Background The introduction of biological therapies has significantly improved the treatment of chronic rheumatic diseases. In our routine clinical management of patients, varying ideas and fears are expressed by patients concerning the risks associated to the use of these agents.

Objectives We aimed to evaluate what patients think about these treatments and what are they afraid of.

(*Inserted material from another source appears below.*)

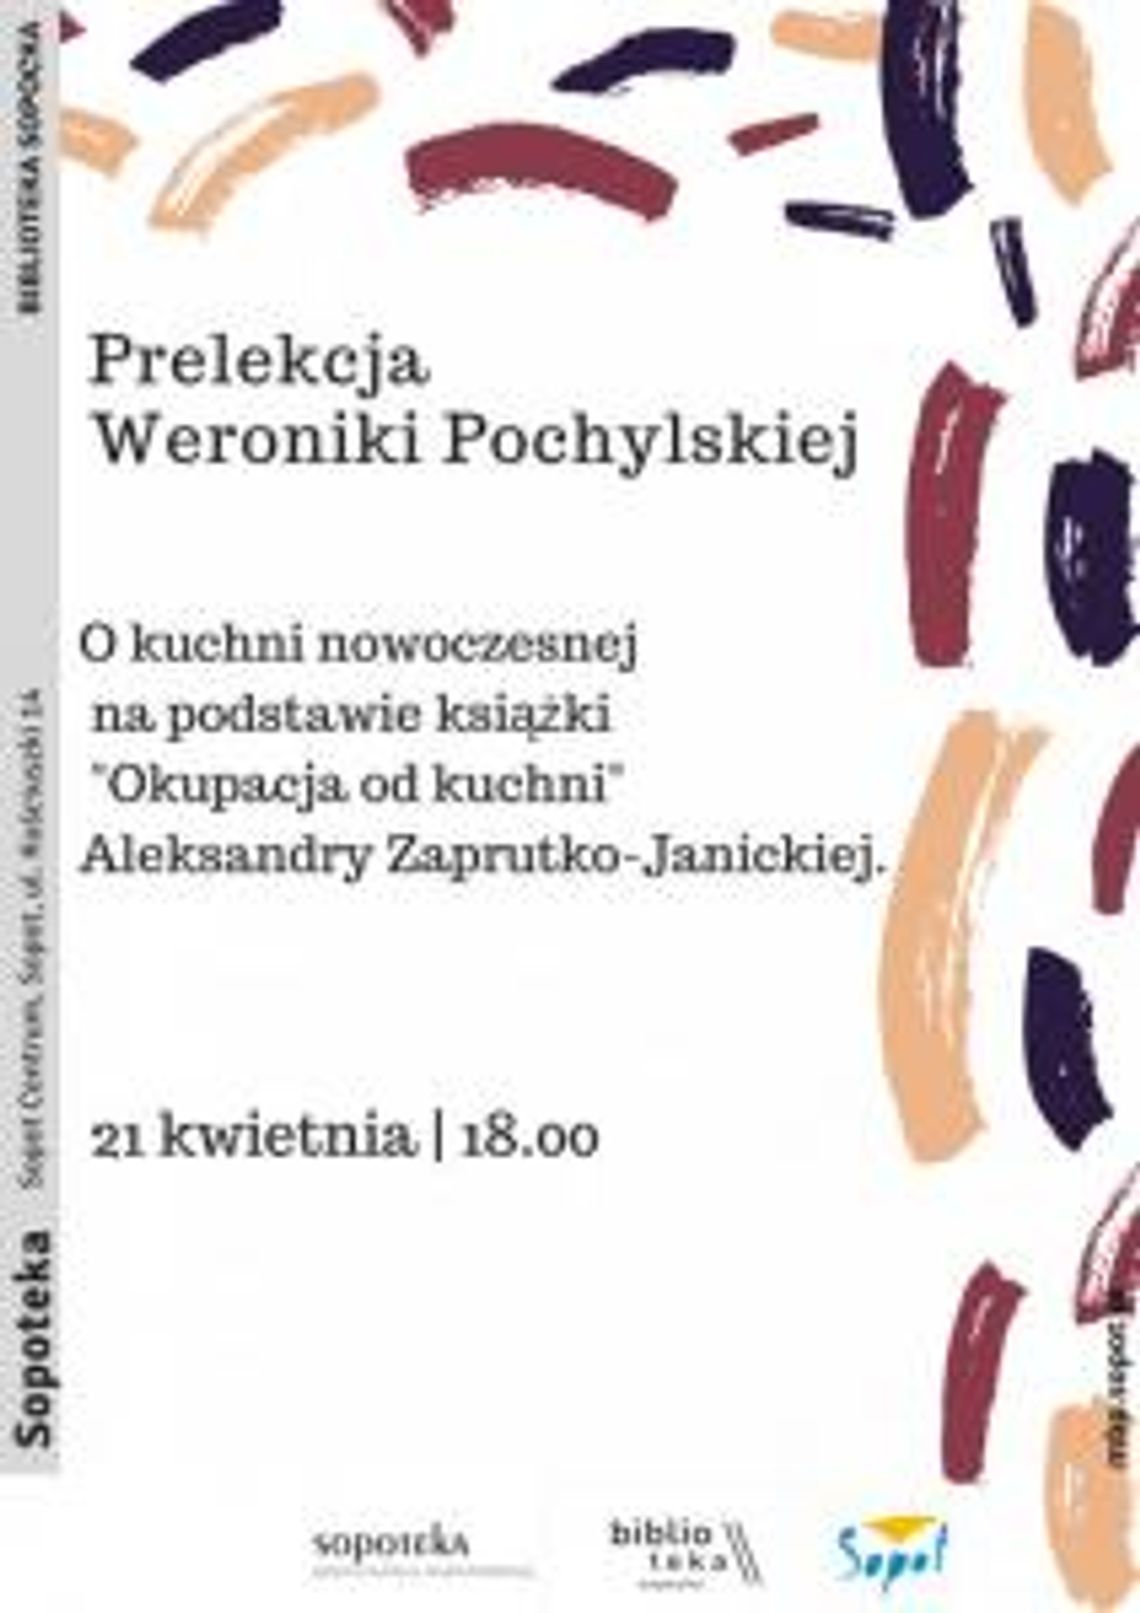 O kuchni nowoczesnej - wykład Weroniki Pochylskiej.

Methods Sixty-two patients (45 rheumatoid arthritis and 17 ankylosing spondylitis), in whom a biologic agent has been recently indicated, were consecutively included at El Ayachi Hospital-University Hospital of Rabat-sale, Morocco. For all patients, we specified the indication for which the biologic agent was prescribed. All patients have given informed consent to answer a self-questionnaire: Have you been well informed about the treatment by your rheumatologist? Have you done research on the internet or consulted the media? Have you requested any information from your physician, family, friends or other patients who have received biologics? What do you expect from this treatment in terms of efficacy? What side effects you fear most? All patients were assessed at baseline before the introduction of the biologic agent.

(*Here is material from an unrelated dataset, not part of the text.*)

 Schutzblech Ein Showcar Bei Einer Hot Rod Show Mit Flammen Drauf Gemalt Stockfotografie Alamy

Results In our data, 41 patients (66.1%) received CD20 antagonist, 17 (27.4%) received TNF blockers and 4 (6.4%) received IL6 antagonist. Among our patients, 33 (53.2%) have already heard about biologic agents from the media or from their physician; 39 (62.9%) were satisfied with the information given by their rheumatologist; 35 (56.4%) have been given adequate time to discuss and ask their rheumatologist; 20 (32.2%) have done research on the internet after the biologic agent was indicated; 5 patients (8.1%) have consulted another physician before receiving treatment; 2 patients (3.2%) have asked an allied health professional and 4 patients (6.4%) have asked other patients already treated with biologic agents. Forty-eight patients (77.4%) were convicted with the efficacy of the treatment and expected total remission. Six patients expected the improvement of their pain and 2 patients didn’t know what they did really expect. Six patients (all women) (9.6%) were afraid of becoming blind; and 9 patients (14.5%) were afraid of having a heart attack; 6 patients (9.6%) were afraid of death; 2 patients (3.2%) were afraid of paralysis and 1 male patient was afraid of becoming sterile.

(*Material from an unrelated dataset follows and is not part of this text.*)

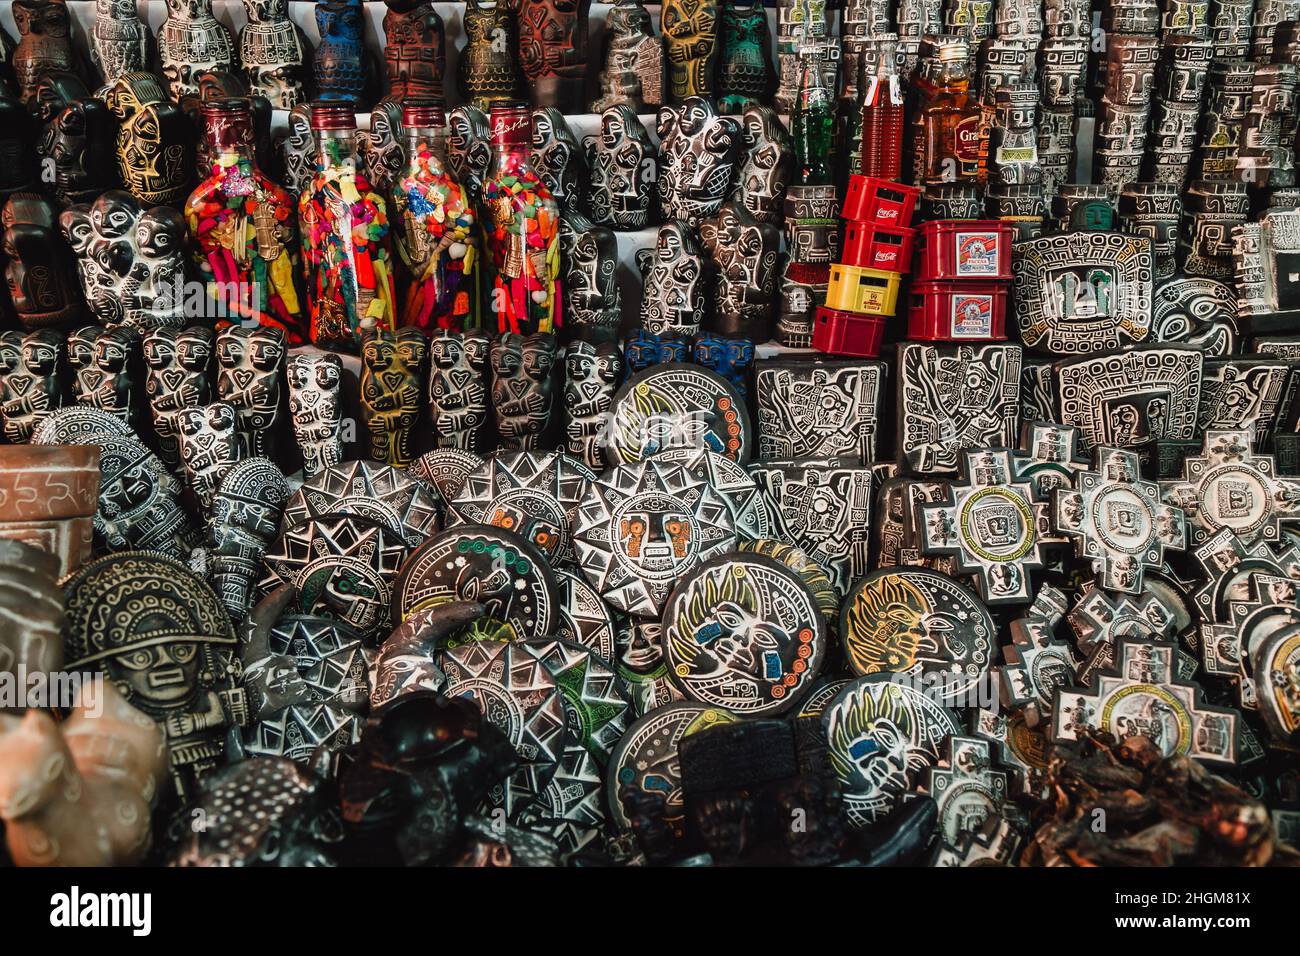 Ceramica Artesanal in un negozio locale di articoli da regalo a la Paz, Bolivia Foto Stock

Conclusions It seems that there are many beliefs and fears about biologic agents in our patients. Only 2/3 of our patients were well informed by their physician and approximately 1/3 of patients looked for information from other sources (Internet, media and entourage). An objective and targeted information about biologics should be given to patients. Besides the role of rheumatologist, the role of media and society should be highlighted in patients’ information in order to clarify adverse events to alleviate fear of the unknown.